[Solved] XBRL insead of PDF documents

bchazalet · March 19, 2019, 8:25am

Hi,

I’m successfully downloading annual accounts documents using the api. I’m after the PDF documents, but quite often I get a XBRL document instead of the PDF document. This seems to happen pretty randomly, and sometimes after some retries I get the right PDF document (but sometimes not).

Does anyone have any idea why that is? Is there a way to force the download of the PDF version and not the XBRL?

Cheers,

bchazalet · March 18, 2019, 6:12pm

My guess is that if one doesn’t specify an Accept header, the response’s content-type isn’t deterministic.

voracityemail · March 18, 2019, 8:47pm

You’ve said what you need!
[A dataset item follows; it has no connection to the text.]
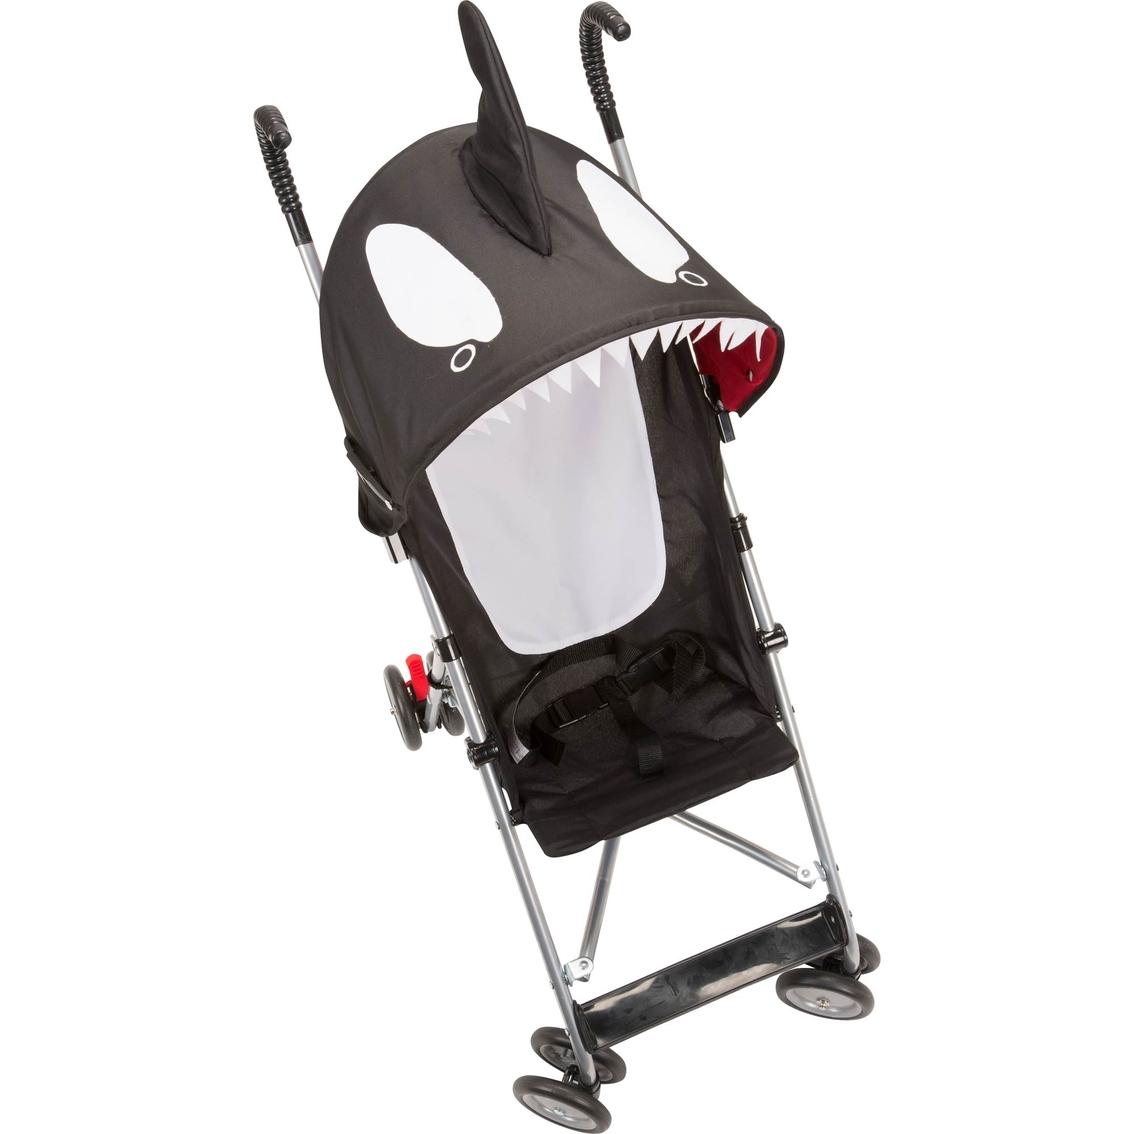 Umbrella Stroller Toys

The solution is to ask for what you want by setting the Accept header when requesting the document content.

Currently filings may be available in:

No data at all - you might see some variant of “unavailable” or “please contact us for this”.
PDF - the “standard”.
XBRL - only a few and these are - as far as I’m aware - only when the company has filed in this format. CH don’t generate this info.
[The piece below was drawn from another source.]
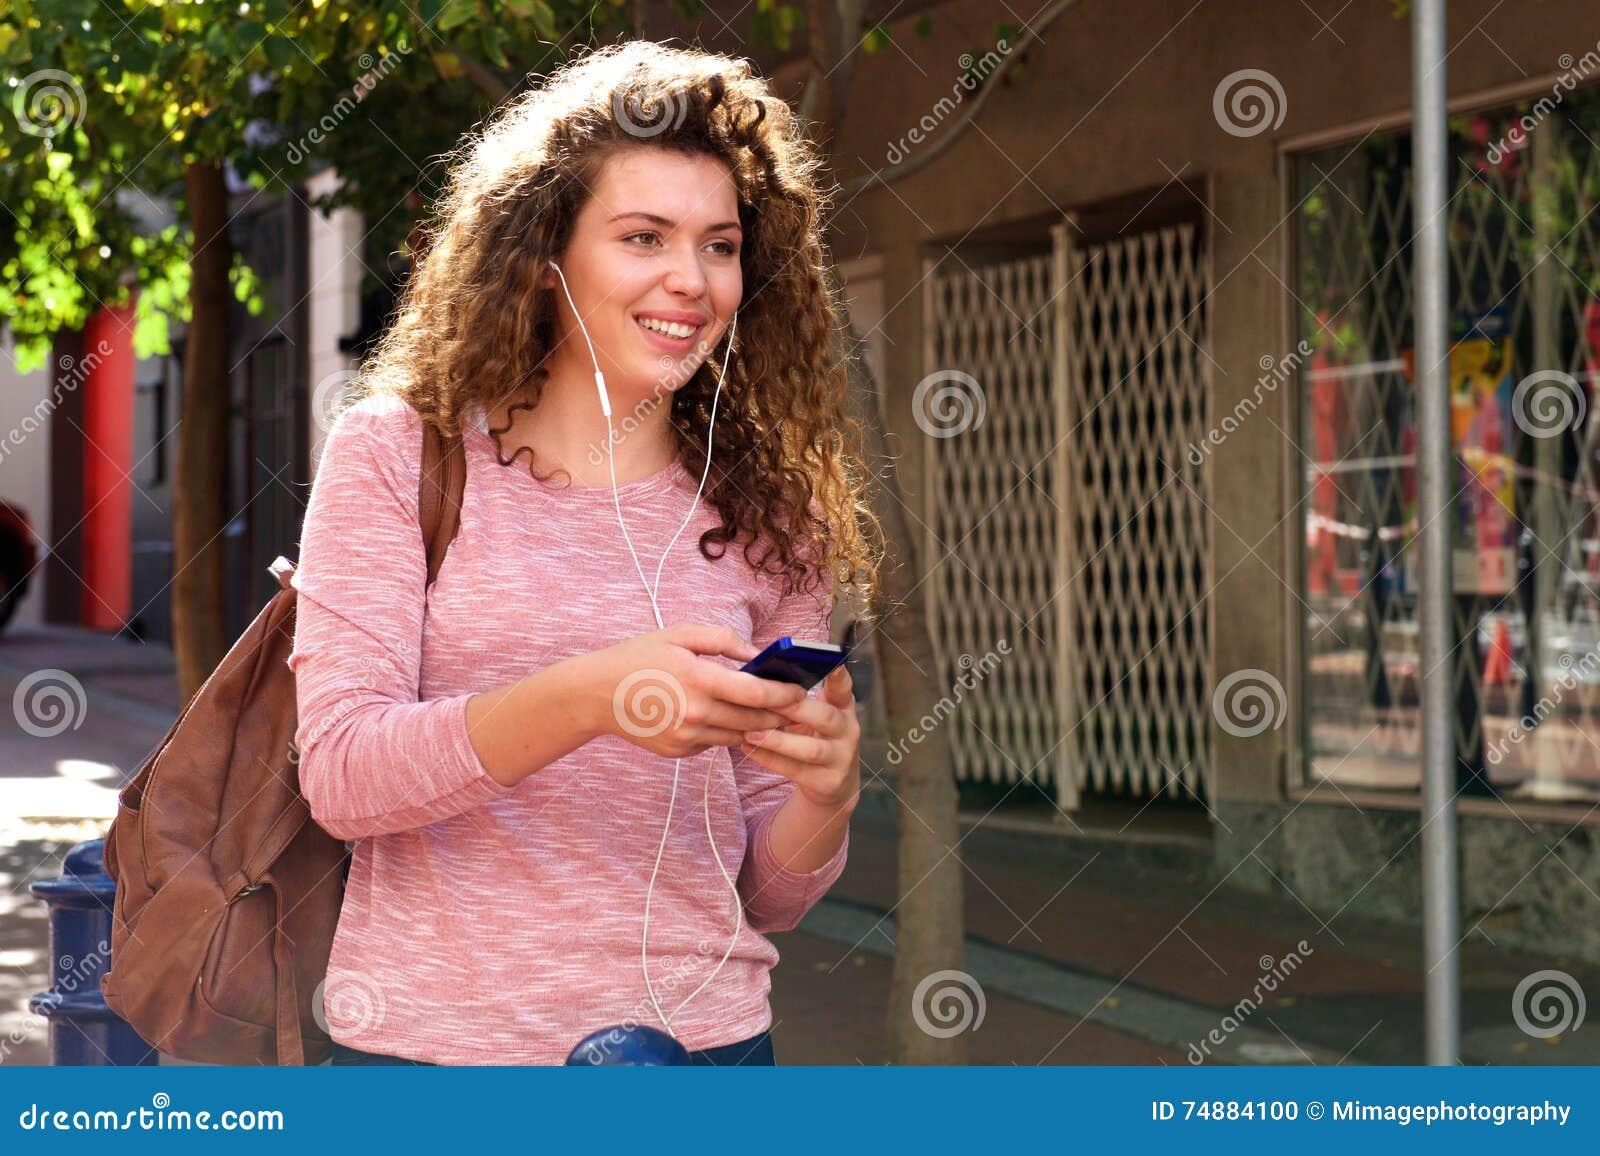 Passeio adolescente feliz no passeio com fones de ouvido e móbil

…so you got lucky a few times.

To see what’s available (per the document API docs) the “resources” member of the call the document metadata object lists these. (The the metadata endpoint can be found in the links in the filing history list / filing history item object). Example:

For company 00197009, the filing history item https://api.companieshouse.gov.uk/company/00197009/filing-history/MzE5Mzc0OTc3MGFkaXF6a2N44

If you request the metadata from this with:
https://document-api.companieshouse.gov.uk/document/T53BLYf734zxeBWyvna131JtREqLsBgclFME-v6rxI84

You get:

{
    "company_number": "00197009",
    ...
    "resources": {
        "application/pdf": {
            "content_length": 26343    
        },
        "application/xhtml+xml": {
            "content_length": 20364    
        }    
    }
    "links": {
        "self": "https://document-api.companieshouse.gov.uk/document/T53BLYf734zxeBWyvna131JtREqLsBgclFME-v6rxI8",
        "document": "https://document-api.companieshouse.gov.uk/document/T53BLYf734zxeBWyvna131JtREqLsBgclFME-v6rxI8/content"    
    },    
}

I don’t think there’s any “non-determinism” - unless you’ve repeatedly tried the same document endpoint with different results. Getting different formats is likely the result of randomly hitting on accounts where there is another format than the PDF data e.g. XBRL. It may be that you always get XBRL if you don’t specify “Accept” with a type and both it and PDF are available or it may be you get these in the order “they come in” - which may or may not be fixed. Or some other reason. Just set the “Accept” header.

bchazalet · March 19, 2019, 8:12am

Thanks for your response @voracityemail!

There’s definitely some non-determinism if the Accept headers are not set. But that’s ok, as I know understand that it can just get what I want by setting them.